What does a nearly six-century-old private school that charges $54,000 a year in tuition do when confronted with start-ups with bright ideas about how education should work? If you’re Eton College, alma mater to much of the British establishment including the serving prime minister and the mayor of London, you work with them. 

Along with Oxford University’s Said Business School, Eton College—a high school for boys between the ages of 13 and 18—has partnered with Emerge Venture Lab, a London-based accelerator, to support educational technology, or “edetch,” start-ups. The first cohort of six start-ups will start the program in London with a party on Jan. 17. Eton will not provide financial support or take equity (though it does not rule that out), but its teachers will help guide the start-ups in the program and may also try the new products with their students. “It’s quite easy for the technology to dominate and the way we’re interested in getting involved is to make sure there is a pedagogical influence as well,” Eton’s Serena Hedley-Dent told Quartz.
Behind this ancient institution’s embrace of the modern is an intense awareness that things are about to change, and dramatically. “Nobody knows for sure where this business is going to be in five to ten years’ time. It would be very foolish of us to bury our heads in the sand and assume that education in schools will carry on in the traditional way,” says Percy Harrison, head of information technology at Eton and executive director of the newly-formed Eton Online Ventures.
Eton College

Two trends are driving the change. The first is that old culprit—mobile devices such as tablets. If students are used to interacting with information on tablets at home, it seems strange to them to not use one at school. But schools and universities need to figure out how best to use them. The second trend is more structural: While education is often seen as the process of teaching children facts and skills, another important aspect is learning to grow up and dealing with life’s ups and downs. Harrison says that is the most important aspect of what Eton does, but one that existing education technology companies have not focused on. That is the area the school is interested in promoting.
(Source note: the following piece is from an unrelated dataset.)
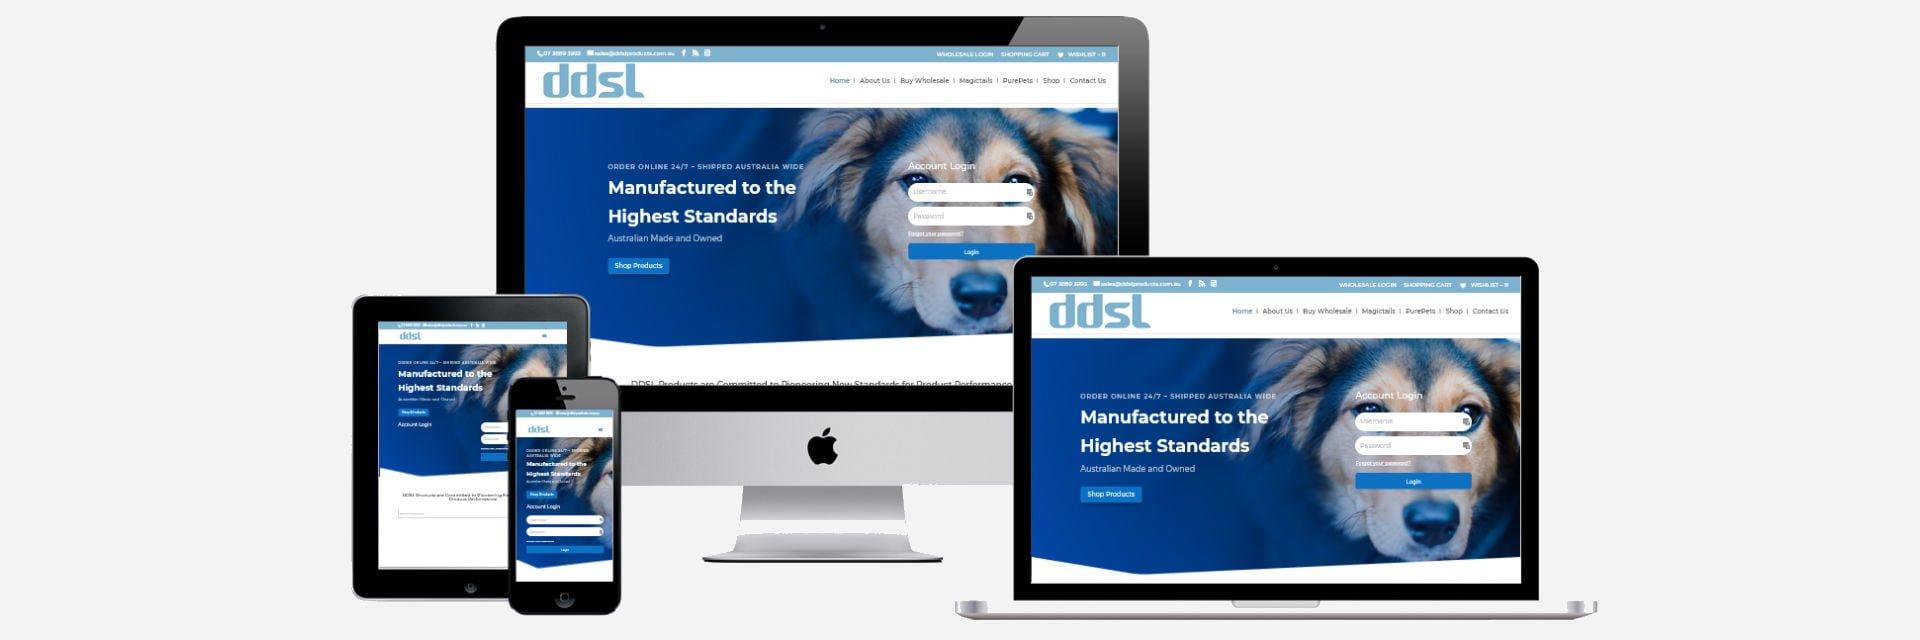 DDSL Products - New Website Design

Eton would not reveal the names or nature of the start-ups the program has accepted in advance of a formal announcement on Jan. 17, but Harrison says the products he is most interested in are those that help people work in groups. “The MOOC [online courses] world for example can be a rather lonely one. And if you get stuck how do you get unstuck? So it’s those kinds of features we’re really looking for,” he says.
Education technology is still very much in its infancy, as anybody who has experienced some of the widely-used platforms such as Blackboard can tell you. But it is a rising sector. Mendeley, a London start-up for academic collaboration, was bought last year for £65 million ($1 million) by science and academic publisher Reed Elsevier. Other areas of focus are learning analytics, which give educators the tools to monitor student performance and, the idea is, predict which ones are lagging behind or likely to fail. The way education technology is advancing, however, suggests no reason to believe that the social aspects of education and the skill-acquiring aspects of education need to be in the same place. That is why, says Harrison, ”it’s important to us that if technology is going to play a bigger part, both in the classroom or indeed in replacing the classroom, [that it] drives people towards a good teaching style rather than a bad one.”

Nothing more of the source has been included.